Task description - Could you show all lines in the entries below that contain the string "Black"?

Dataset entries -
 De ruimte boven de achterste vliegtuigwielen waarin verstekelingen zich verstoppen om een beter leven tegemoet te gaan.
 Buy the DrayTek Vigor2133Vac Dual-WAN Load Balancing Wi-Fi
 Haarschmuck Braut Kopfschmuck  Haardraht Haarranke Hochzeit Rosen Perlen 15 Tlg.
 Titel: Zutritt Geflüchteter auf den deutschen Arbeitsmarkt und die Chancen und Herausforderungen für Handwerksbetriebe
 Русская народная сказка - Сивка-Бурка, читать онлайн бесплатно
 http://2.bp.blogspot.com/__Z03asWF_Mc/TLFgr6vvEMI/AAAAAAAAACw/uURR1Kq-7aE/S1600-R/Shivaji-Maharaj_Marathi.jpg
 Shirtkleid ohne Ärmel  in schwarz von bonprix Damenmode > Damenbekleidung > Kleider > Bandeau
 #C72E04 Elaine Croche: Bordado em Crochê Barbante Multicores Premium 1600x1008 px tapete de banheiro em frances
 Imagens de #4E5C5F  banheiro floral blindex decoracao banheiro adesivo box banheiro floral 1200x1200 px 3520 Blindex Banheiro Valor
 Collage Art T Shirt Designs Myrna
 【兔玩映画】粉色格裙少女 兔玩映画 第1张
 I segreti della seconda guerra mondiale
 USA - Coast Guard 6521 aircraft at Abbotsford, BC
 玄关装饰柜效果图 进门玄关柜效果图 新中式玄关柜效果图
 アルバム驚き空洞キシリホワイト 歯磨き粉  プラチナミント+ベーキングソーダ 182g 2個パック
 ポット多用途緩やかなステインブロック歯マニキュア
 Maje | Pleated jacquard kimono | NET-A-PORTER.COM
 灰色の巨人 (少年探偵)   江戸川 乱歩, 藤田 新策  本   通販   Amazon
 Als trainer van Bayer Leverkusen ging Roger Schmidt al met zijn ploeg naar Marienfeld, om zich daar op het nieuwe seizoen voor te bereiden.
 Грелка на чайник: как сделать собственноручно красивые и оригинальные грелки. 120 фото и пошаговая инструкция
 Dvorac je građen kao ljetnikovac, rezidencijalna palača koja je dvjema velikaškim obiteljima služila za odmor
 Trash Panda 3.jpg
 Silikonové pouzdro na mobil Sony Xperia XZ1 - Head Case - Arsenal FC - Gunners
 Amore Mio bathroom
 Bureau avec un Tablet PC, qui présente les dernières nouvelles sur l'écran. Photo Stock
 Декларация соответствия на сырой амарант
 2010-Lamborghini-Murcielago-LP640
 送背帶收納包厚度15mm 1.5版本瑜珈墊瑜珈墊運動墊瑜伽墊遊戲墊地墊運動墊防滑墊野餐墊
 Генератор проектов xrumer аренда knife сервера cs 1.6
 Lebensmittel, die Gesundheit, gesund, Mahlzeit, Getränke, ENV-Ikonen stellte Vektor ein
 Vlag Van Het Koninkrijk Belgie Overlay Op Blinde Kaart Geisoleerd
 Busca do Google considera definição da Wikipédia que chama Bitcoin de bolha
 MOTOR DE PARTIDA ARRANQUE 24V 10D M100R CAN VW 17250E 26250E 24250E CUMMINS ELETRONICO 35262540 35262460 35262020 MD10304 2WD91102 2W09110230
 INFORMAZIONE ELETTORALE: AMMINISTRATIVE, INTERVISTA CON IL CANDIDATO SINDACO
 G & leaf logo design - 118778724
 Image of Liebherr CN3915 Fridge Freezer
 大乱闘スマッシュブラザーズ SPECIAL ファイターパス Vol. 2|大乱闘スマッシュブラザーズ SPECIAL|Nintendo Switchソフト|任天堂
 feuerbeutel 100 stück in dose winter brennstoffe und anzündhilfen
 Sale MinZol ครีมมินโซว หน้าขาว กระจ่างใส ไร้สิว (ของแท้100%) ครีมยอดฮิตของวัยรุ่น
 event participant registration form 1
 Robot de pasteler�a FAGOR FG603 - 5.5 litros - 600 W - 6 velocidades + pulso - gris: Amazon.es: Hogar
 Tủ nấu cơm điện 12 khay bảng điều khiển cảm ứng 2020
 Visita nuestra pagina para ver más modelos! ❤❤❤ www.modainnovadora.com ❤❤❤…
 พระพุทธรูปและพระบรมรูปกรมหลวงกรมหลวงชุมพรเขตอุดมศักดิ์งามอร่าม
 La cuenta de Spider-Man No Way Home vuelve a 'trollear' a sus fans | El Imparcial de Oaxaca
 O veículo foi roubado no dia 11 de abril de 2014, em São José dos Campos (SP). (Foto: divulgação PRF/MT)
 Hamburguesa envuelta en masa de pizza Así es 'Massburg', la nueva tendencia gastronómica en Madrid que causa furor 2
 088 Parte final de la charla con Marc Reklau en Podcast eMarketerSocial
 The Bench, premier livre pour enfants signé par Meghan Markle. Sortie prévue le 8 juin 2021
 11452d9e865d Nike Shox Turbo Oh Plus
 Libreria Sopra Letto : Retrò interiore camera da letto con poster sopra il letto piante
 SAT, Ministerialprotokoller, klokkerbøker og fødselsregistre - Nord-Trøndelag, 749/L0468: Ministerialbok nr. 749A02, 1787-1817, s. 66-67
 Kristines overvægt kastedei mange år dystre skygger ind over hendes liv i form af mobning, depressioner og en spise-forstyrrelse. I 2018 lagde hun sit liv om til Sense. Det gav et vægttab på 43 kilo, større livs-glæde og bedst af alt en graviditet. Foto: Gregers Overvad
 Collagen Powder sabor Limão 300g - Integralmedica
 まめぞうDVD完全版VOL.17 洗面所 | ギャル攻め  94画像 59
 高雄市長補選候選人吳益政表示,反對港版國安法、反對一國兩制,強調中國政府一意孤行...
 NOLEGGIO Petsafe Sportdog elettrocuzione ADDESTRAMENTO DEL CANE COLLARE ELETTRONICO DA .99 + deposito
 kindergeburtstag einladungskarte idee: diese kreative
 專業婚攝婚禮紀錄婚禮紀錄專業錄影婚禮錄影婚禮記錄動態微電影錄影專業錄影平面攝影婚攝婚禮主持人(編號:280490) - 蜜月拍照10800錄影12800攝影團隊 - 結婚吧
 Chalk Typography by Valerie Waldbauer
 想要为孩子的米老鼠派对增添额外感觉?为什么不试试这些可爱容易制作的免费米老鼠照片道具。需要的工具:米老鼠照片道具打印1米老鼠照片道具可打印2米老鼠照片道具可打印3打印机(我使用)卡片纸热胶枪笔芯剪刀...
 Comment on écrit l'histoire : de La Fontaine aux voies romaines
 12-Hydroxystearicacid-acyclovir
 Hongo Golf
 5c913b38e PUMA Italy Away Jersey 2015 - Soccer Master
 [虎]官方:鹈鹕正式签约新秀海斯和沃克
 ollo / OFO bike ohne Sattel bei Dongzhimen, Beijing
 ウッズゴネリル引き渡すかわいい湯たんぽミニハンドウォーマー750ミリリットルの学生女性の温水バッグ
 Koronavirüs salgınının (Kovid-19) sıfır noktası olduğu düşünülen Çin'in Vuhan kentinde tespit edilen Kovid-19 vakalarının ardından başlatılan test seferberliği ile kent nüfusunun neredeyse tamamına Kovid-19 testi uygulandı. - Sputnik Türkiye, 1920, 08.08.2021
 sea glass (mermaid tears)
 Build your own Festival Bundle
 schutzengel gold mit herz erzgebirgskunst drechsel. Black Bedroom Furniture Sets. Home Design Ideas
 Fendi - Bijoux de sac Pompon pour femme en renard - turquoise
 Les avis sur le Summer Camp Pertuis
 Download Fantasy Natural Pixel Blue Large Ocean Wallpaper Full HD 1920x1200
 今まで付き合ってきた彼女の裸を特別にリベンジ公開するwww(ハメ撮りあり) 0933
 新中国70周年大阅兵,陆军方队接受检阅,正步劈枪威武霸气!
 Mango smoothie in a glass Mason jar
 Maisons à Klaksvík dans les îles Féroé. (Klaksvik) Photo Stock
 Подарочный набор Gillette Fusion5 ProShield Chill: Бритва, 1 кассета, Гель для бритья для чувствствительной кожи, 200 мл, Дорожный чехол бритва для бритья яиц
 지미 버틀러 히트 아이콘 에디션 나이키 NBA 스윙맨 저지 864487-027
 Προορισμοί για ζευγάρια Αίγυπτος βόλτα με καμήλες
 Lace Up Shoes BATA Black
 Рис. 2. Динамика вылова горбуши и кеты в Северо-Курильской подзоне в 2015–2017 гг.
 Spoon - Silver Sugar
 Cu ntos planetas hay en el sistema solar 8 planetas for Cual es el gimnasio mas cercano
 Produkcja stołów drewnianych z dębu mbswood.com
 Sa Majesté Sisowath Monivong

Solution to this problem -
 schutzengel gold mit herz erzgebirgskunst drechsel. Black Bedroom Furniture Sets. Home Design Ideas
 Lace Up Shoes BATA Black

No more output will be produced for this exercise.